Handle a function of itself

Question

I have a tricky question. I want to handle a function y(x) defined in this way:

$y(x)=f(y(x))g(x)$

Here, $f(y(x))$ and $g(x)$ are smooth functions: is there any way/method to express $y(x)$ as a (complicated) function of $x$ solely? Maybe it is impossible if $f$ and $g$ are generic.

Edit:

If I have the numerical functions which describe $f(y)$ and $g(x)$, is there any approximated way to express $y(x)$? For example with recursive formulae? My point is not to guess what form $y(x)$ should have, but deriving it or, at least, inferring it approximately.

Answer 1

This is generally impossible. For example let $$g(x)={1\over 1+x^2}$$and $$f(u)=\cos u$$then $$y={\cos y\over 1+x^2}$$In the most general form, if $f(x)$ is a polynomial of degree at most $4$ or $f(x)={1\over ax^3+bx^2+cx+d}$ where $a,b,c,d$ are proper real numbers, then $y$ can be explicitly represented as a function of $x$.

Answer 2

If $f$ and $g$ are any smooth functions, there is no way of obtaining $y$ as an explicit function of $x$. $g$ here may be dropped, so the real question is whether you can solve $$ y(x)=f(y(x)) $$ for $y$ explicitly, which is impossible in general.

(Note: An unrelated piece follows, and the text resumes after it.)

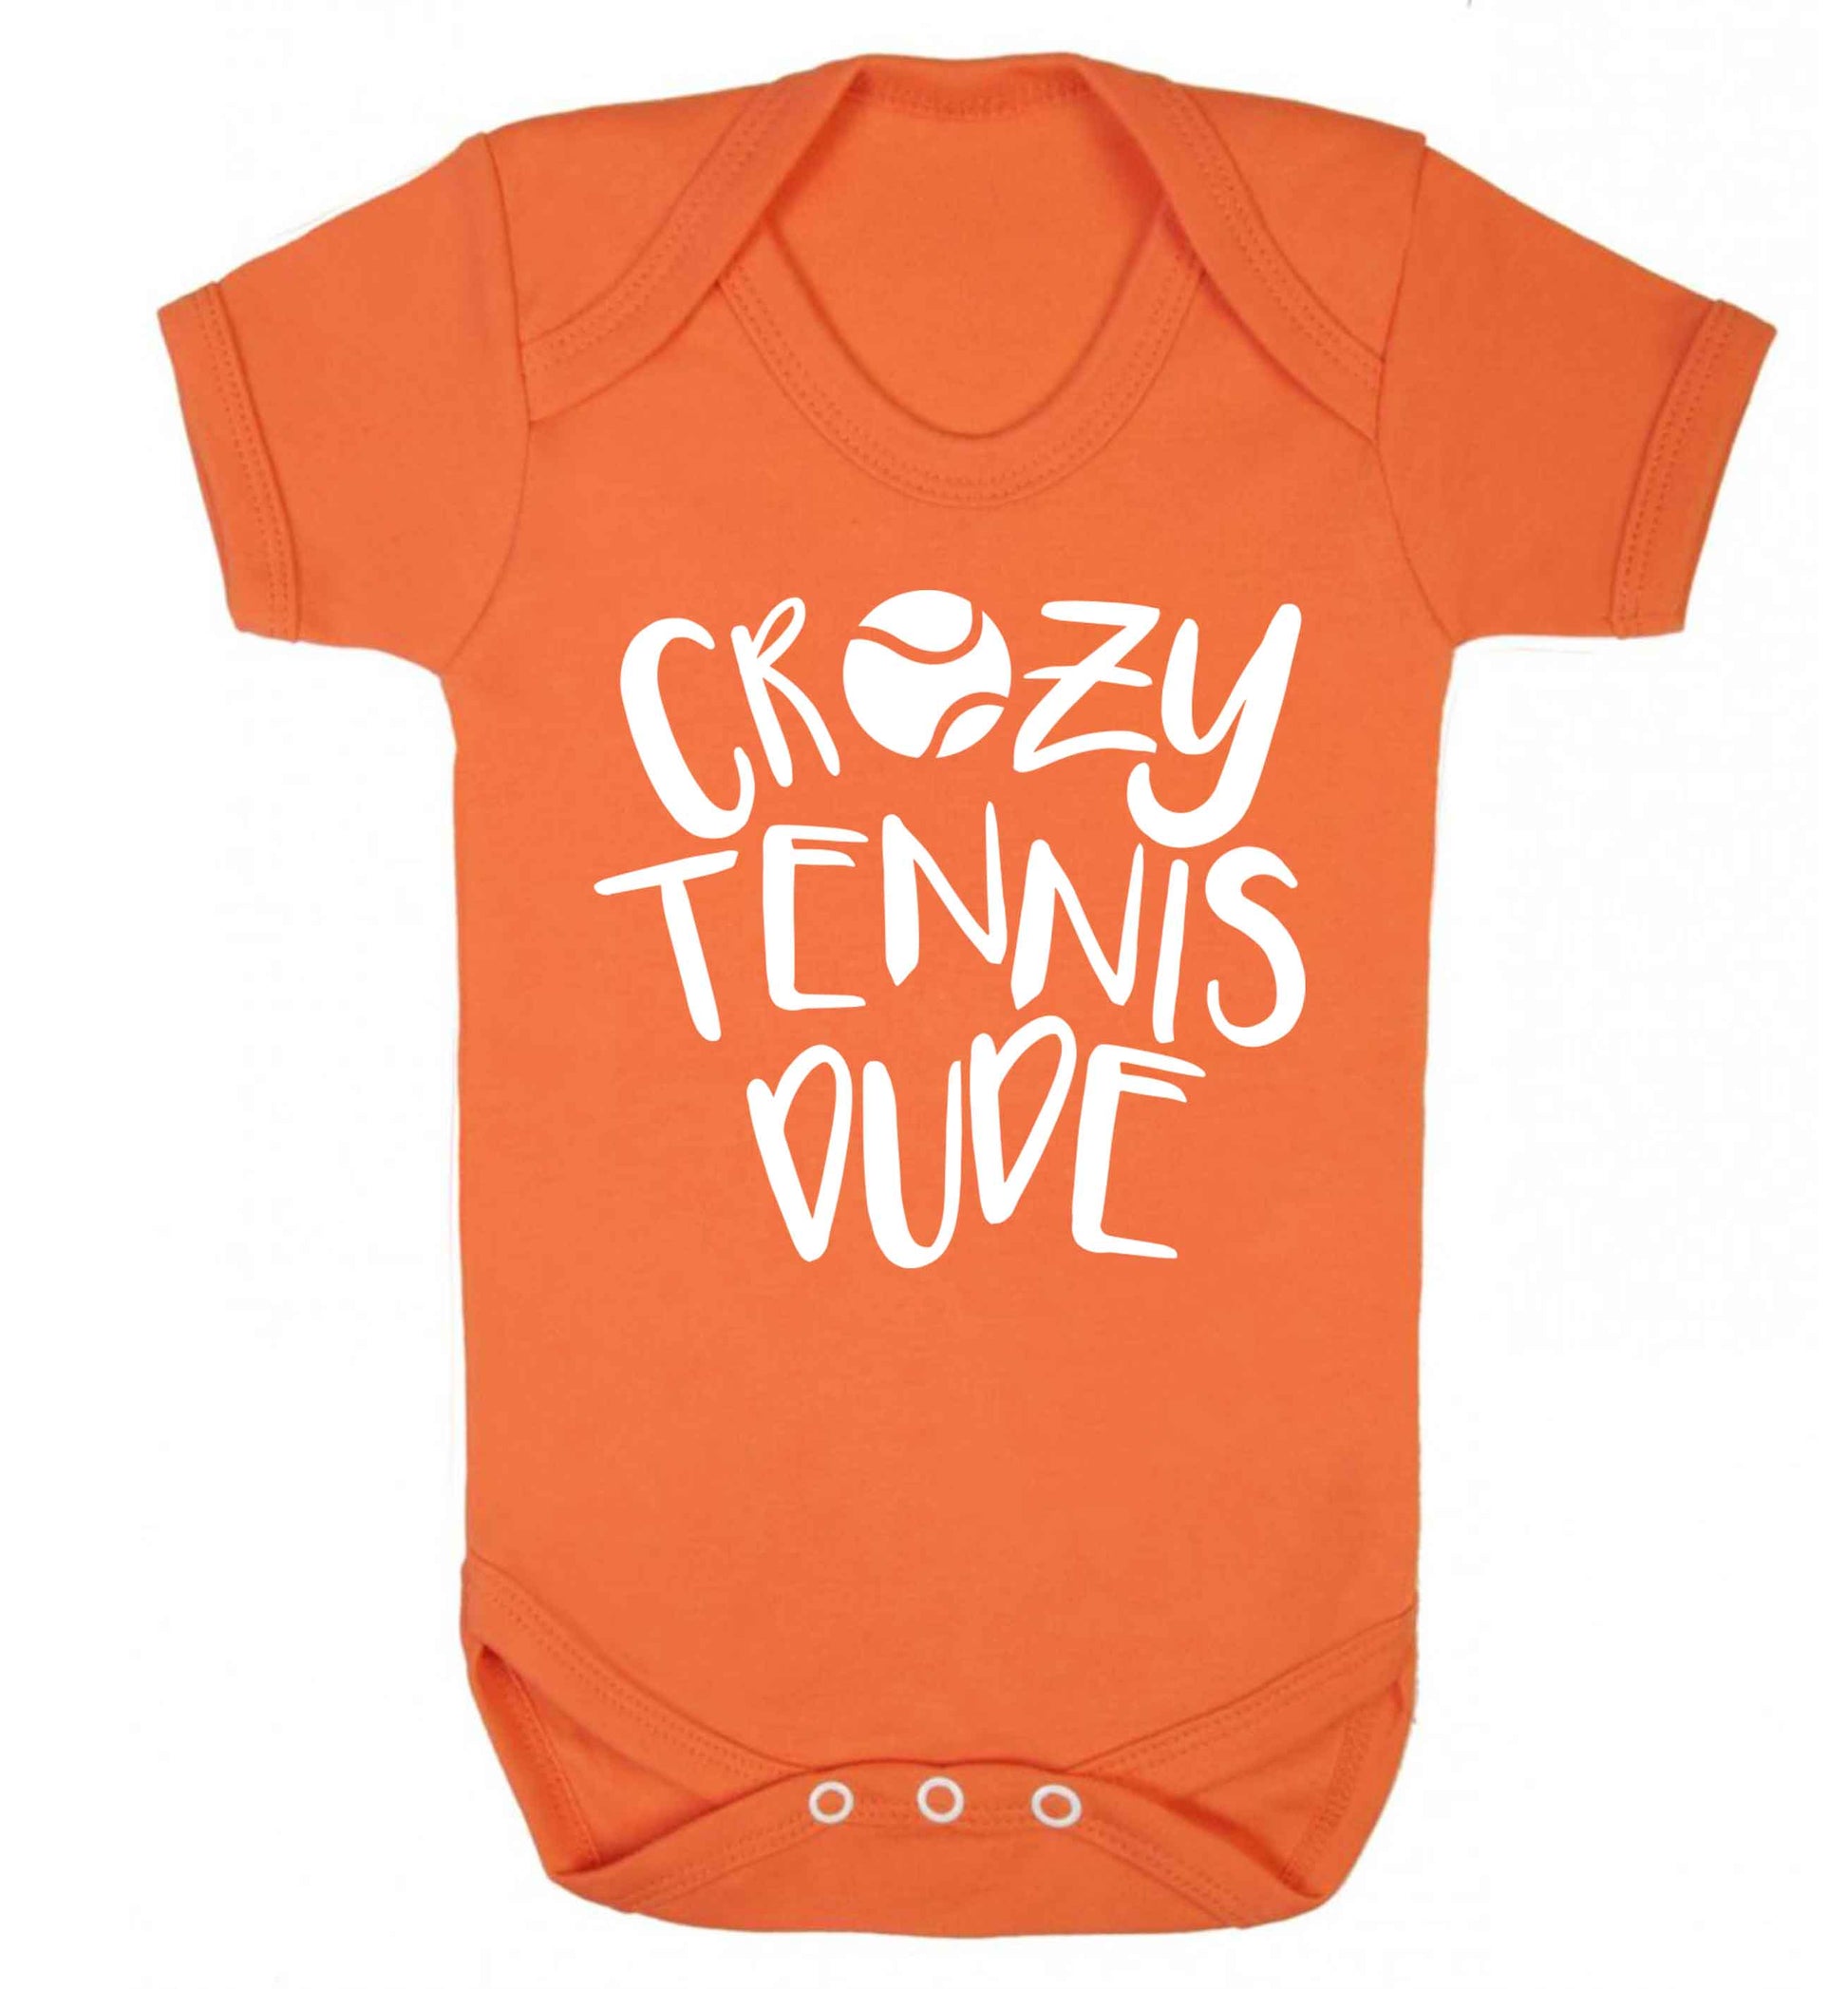 Crazy tennis dude Baby Vest orange 18-24 months

Notice that $y$ may not even be a function. Take $x=0$, then if $y(0)=0$ and $f(0)=1$, we also have that $y(0)=1$, thus $y$ can't be a function.

Answer 3

You can find many functions to satify your conditions.

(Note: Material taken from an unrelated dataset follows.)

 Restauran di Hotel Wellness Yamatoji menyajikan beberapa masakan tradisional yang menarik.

For example,on $x\in[0,\infty)$ define $$y(x)=x^2,f(x)=\sqrt x, g(x)=x$$

We get $$f(y(x))g(x) =x\sqrt {y(x)} = x^2= y(x)$$

You may design other examples with little effort.

Answer 4

Assuming $y(x)$ and $g(u)$ admit inverse functions (which is quite restrictive), we can replace $y(x) = u$:

$$ u = f(u) g\left(y^{-1}(u)\right) $$

$$ \frac{u}{f(u)} = g\left(y^{-1}(u)\right) $$

$$ g^{-1}\left(\frac{u}{f(u)}\right) = y^{-1}(u) $$

Now the left hand side only depends on a free-variable $u$ and on known functions $f$ and $g$. So if you can find $g^{-1}$, then you can find a closed expression for the left hand side as a function of $u$. Call it $w(u)$: $$ w(u) = g^{-1}\left(\frac{u}{f(u)}\right) = x $$

Now your $y$ function is given by: $$ y(x) = w^{-1}(x) $$

As others pointed out, finding such $y$ is not always possible, and this particular solution is quite restrictive. It will likely only work for cherry picked examples of $f$ and $g$.